3 February 2011

Posted by DMC on 3 February 2011 in Diary |

A Happy New Year to all my Chinese readers. GONG XI FA CAI (for my Mandarin readers) KUNG HAI FAT CHOY (for my Cantonese readers) – I hope I got that right! In any event, I hope you all have a wonderful year of the Golden Rabbit.

After yet another session on the remote assist with Ben, of AbilityNet I hope to have sorted out  most of my computer problems

Another WendyLett sheet arrived today from me to try. This is a three-quarter length sheet which allows you to have an under sheet to give friction for your feet.

We will try this tomorrow and I will report back. Lynn, my OT, popped in just before lunch to check on the new shower chair which he says is still not quite right, so she has more work to do on that. She is a really caring conscientious person and is determined to do everything she can to make life easier for me. After I let her know whether this new Wend Lett is satisfactory  she is prepared approach our local PCT about their willingness or otherwise to pay for these sheets, as do the Somerset PCT as I gather they are quite expensive will stop

This afternoon one the ‘old faithfuls’,_Douglas Gordon, dropped in for tea and a chat. Douglas, my erstwhile stockbroker, founded the best village magazine in the country, which has been acknowledged as such. Indeed the village of Newport now runs a national competition, annually, to find the best village magazine.. Douglas also founded a croquet club in Newport, which seems to be going great guns.

Douglas’wife, the aptly named Cecilia (the patron saint of Music) is my erstwhile piano teacher (referred to in the following extract has’ the local piano teacher’). I can best recount my piano playing days by reproducing an extract from my autobiographical notes. From the chapter entitled Musical or Not!

I was at a supper party one day in my 40th year and a discussion ensued about playing the piano.  I heard myself say how much I would love to be able to play myself. I had, in fact, started once in my teens, but, having no piano of our own, I was forced to practice on a friend’s. After a couple weeks his mother could stand it any longer and my piano playing aspirations withered.

On the way home from that dinner party, musing on the things that we had discussed, I realized what a stupid comment I had made in saying how much I would love to be able to play.  If I really wished I could play the piano, what was stopping me? The following day I bought a piano and signed up with the local   piano teacher for lessons. I decided that I would get up every day at six o’clock and practice for 40 minutes.  I would give myself 10 years to see if I could reach a reasonable level of competence.  After a year or so I entered for my Grade 1 examination.. I was extremely nervous.  I remember that my ‘big’ piece was called something like Swans and Ducks, which I practiced assiduously, for weeks,  before the big day.

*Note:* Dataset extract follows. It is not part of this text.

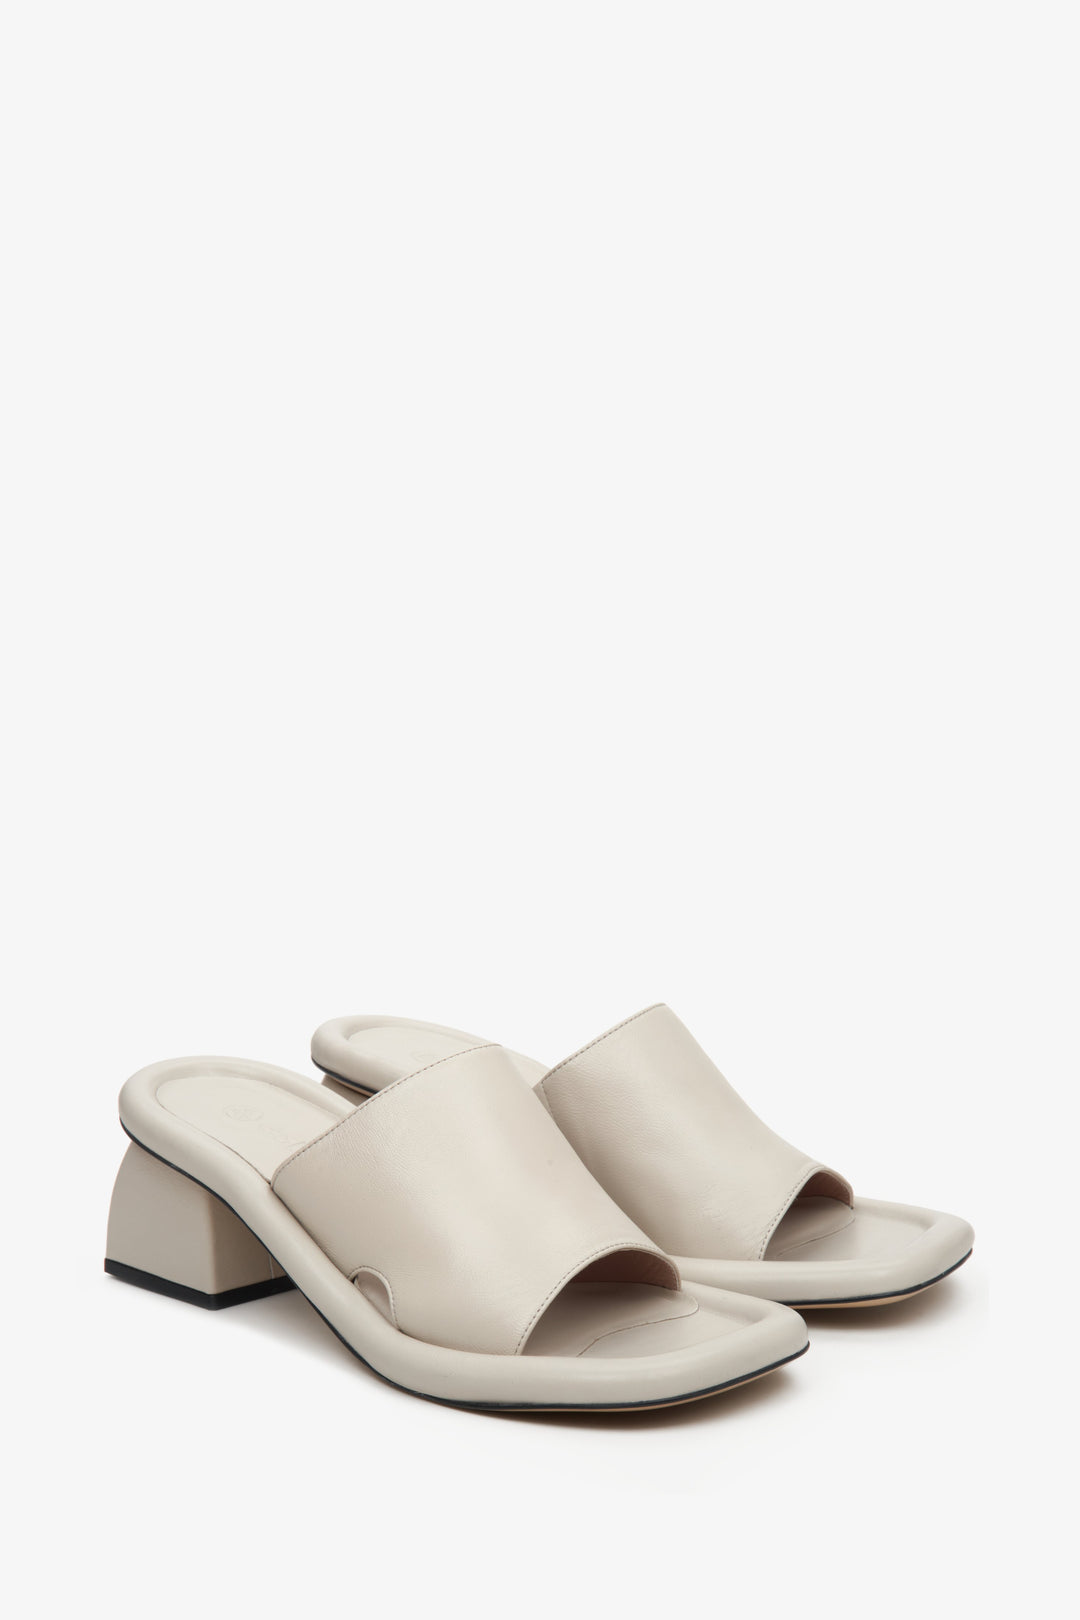 Estro beige women's mules made of Italian natural leather.

The day of the examination arrived.  I presented myself at the Village Hall, along with of a half a  dozen toddlers taking the same examination.. When it came to my turn I entered the examination with trepidation.  I marched up to the invigilator, who was busy recording the efforts of the last examinee.  I stuck out my hand which she ignored as she continued to write.  She impatiently waved me away in the direction of the piano.  I sat down on the stool and found that I could not get my knees under the keyboard. The stool was, not surprisingly, far too high as the last hopeful had been little more than 3 feet tall.  I spent the next few minutes working myself up into a muck sweat trying to wind it down.

By this time the invigilator was getting ready impatient and told me, rather peremptorily, “to get on with it.”  She immediately demanded an arpeggio, from the top down and up.  I had only been taught to play them from the bottom up and down, so  was immediately thrown off my stride.  I fumbled my way through that and the scales and so on, until I came to my ‘big’  piece.  Somehow I struggled through it until I got to the last eight bars by which time I could not recognize a single note. All I could see were, what looked like, black inkblots.

I achieved a score on 101 marks -the pass mark  being 100. So my piano career was off to a stumbling start. I continued to practice daily, as I had promised myself, and after 10 years reached Grade 5 level. I then assessed my competence and decided that I would murder the instrument no longer, and have never played a note since.  The piano was shortly after purloined by my musical daughter and I’m pleased to say that grandson Fred has just taken ( Mar.2009) his Grade 1 piano exam, and hopefully passed with flying colours.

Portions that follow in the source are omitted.